А через некоторое время я проснулся. Раскрашенные жестяные ходики на стене показывали час… Женина постель была нетронутой.
Спать больше не хотелось совсем, напротив, я чувствовал прилив такой бодрости, что не мог больше оставаться в хате. Это было ночное влечение к открытому пространству, к бесшумному скольжению среди запахов трав – волчье, более древнее, чем человеческое, стремление к ночной жизни, делающее невыносимым и противоестественным пребывание в пространстве замкнутом… Я нашарил в темноте одежду и, проверив в кармане портсигар, вышел на крыльцо.
Ночь была прохладной. Вся станица, раскинувшаяся под безлунно-черным, усыпанным звездами небом, спала. Негромкий звук моих шагов, казалось, разносился очень далеко, потому что был единственным звуком в ее ночном молчании… И тут я увидел Женю.
Он стоял, облокотившись обеими руками на белеющее в темноте длинное бревно коновязи и запрокинув голову в небо. Я подошел к нему, на ходу раскуривая папироску.
– Проснулся? А я смотрю на созвездие Фаркад.
– Фаркад?
– Видишь – две яркие звезды рядом – в Малой Медведице?
– Вижу.
– Это – созвездие Фаркад.
В царстве юности изыскан был узор,
Но не вечно тот наряд ласкает взор.
О беда, беда, иссяк благой родник,
Жизнь даривший розам сада до сих пор!
Ты уйдешь и от друзей, и от родных,
Что под небом грусть твоя и твой укор?
Смерть придет, и расстается с братом брат,
Кроме братьев-звезд сверкающих Фаркад.
– Чей это перевод?
– Мой.
Я курил, сидя на коновязи, а Женя по-прежнему стоял в той позе, в какой я его увидел.

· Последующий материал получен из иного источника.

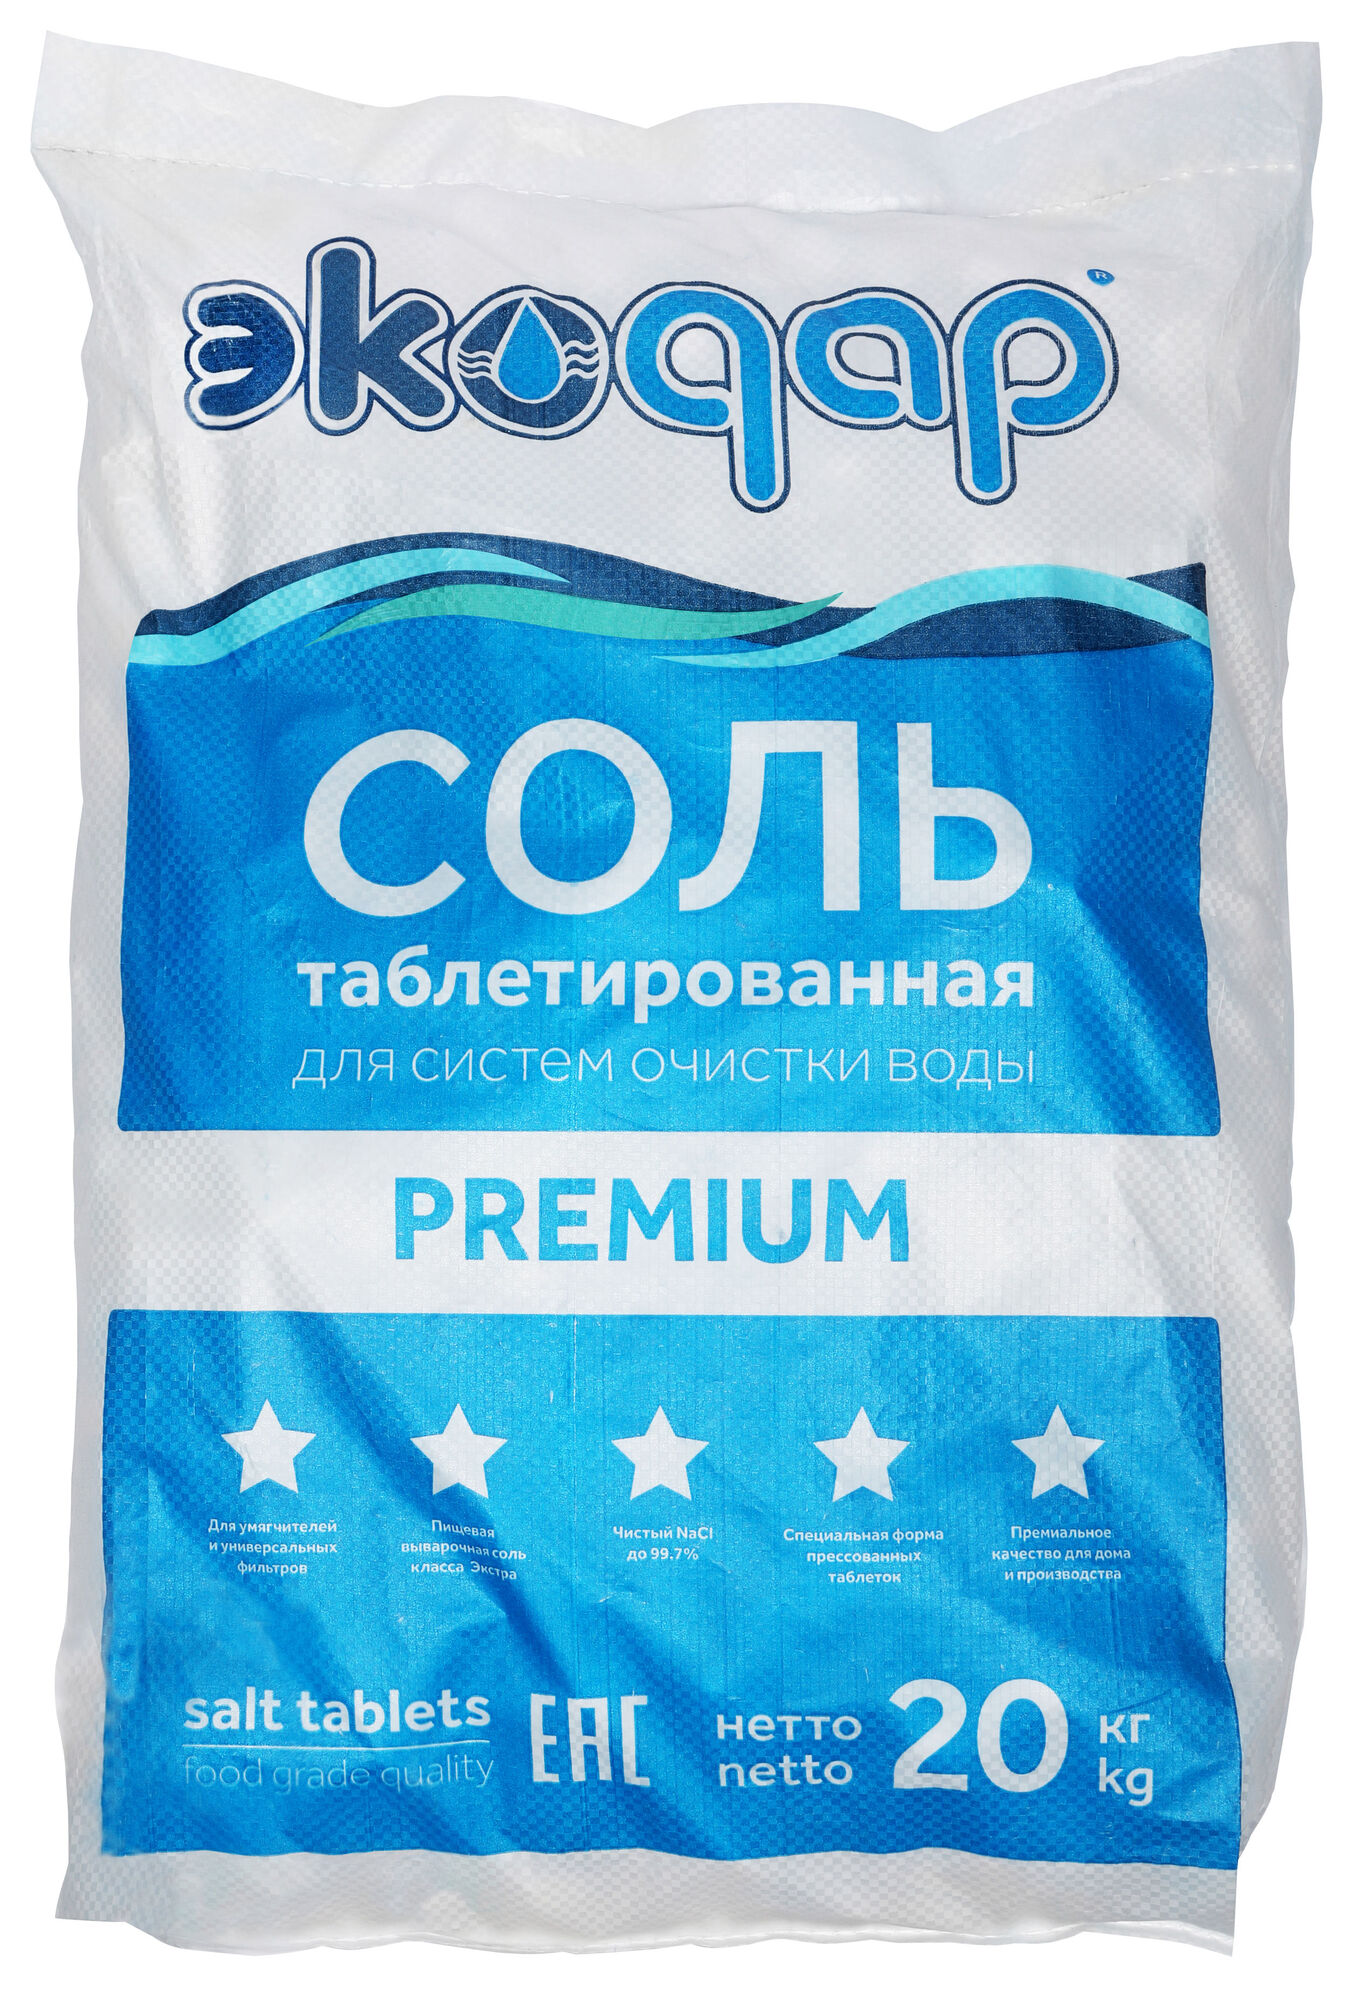 Соль таблетированная Экодар Premium для систем очистки воды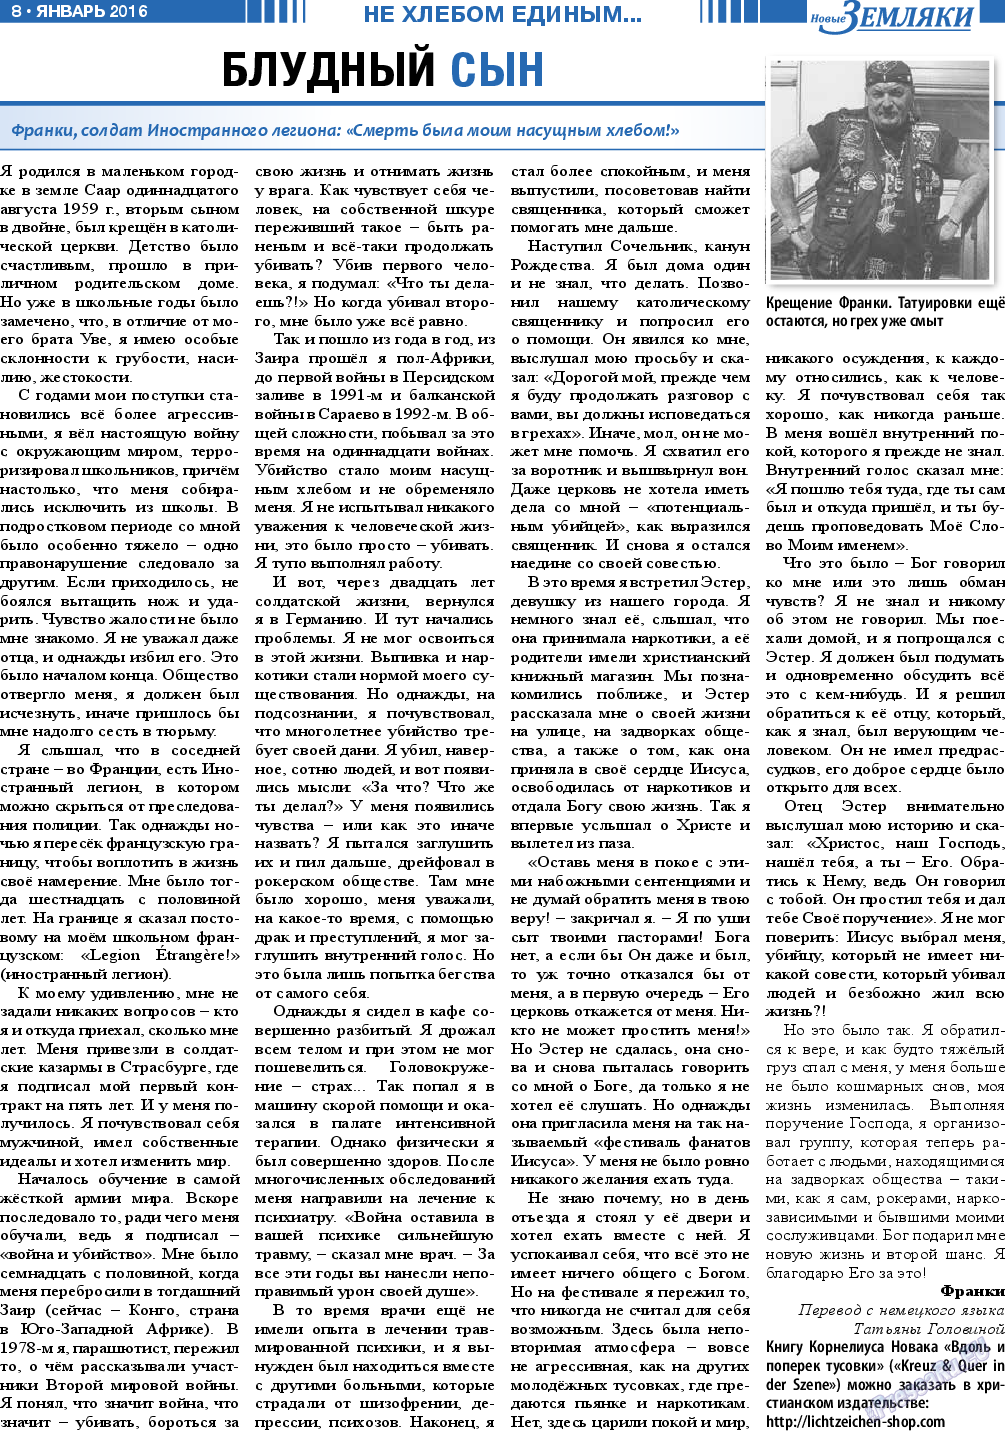 Новые Земляки, газета. 2016 №1 стр.8

– Он довольно плох, но мне начинает казаться, что восточные стихи как таковые теряют свою суть на европейских языках… Не знаю. Хочешь моих стихов?
– Да, очень.
Женя это предложил в первый раз. Он читал долго… Он читал о чужом для меня, таком чужом Востоке… Это была поэма „Розовый сад“, странная, навеянная зловещими сурами Корана… Это был мир мчащихся в ночи боевых верблюдов, мир безбрежных песчаных морей, мир гурий и роз в причудливых грезах хашшашинов[20]…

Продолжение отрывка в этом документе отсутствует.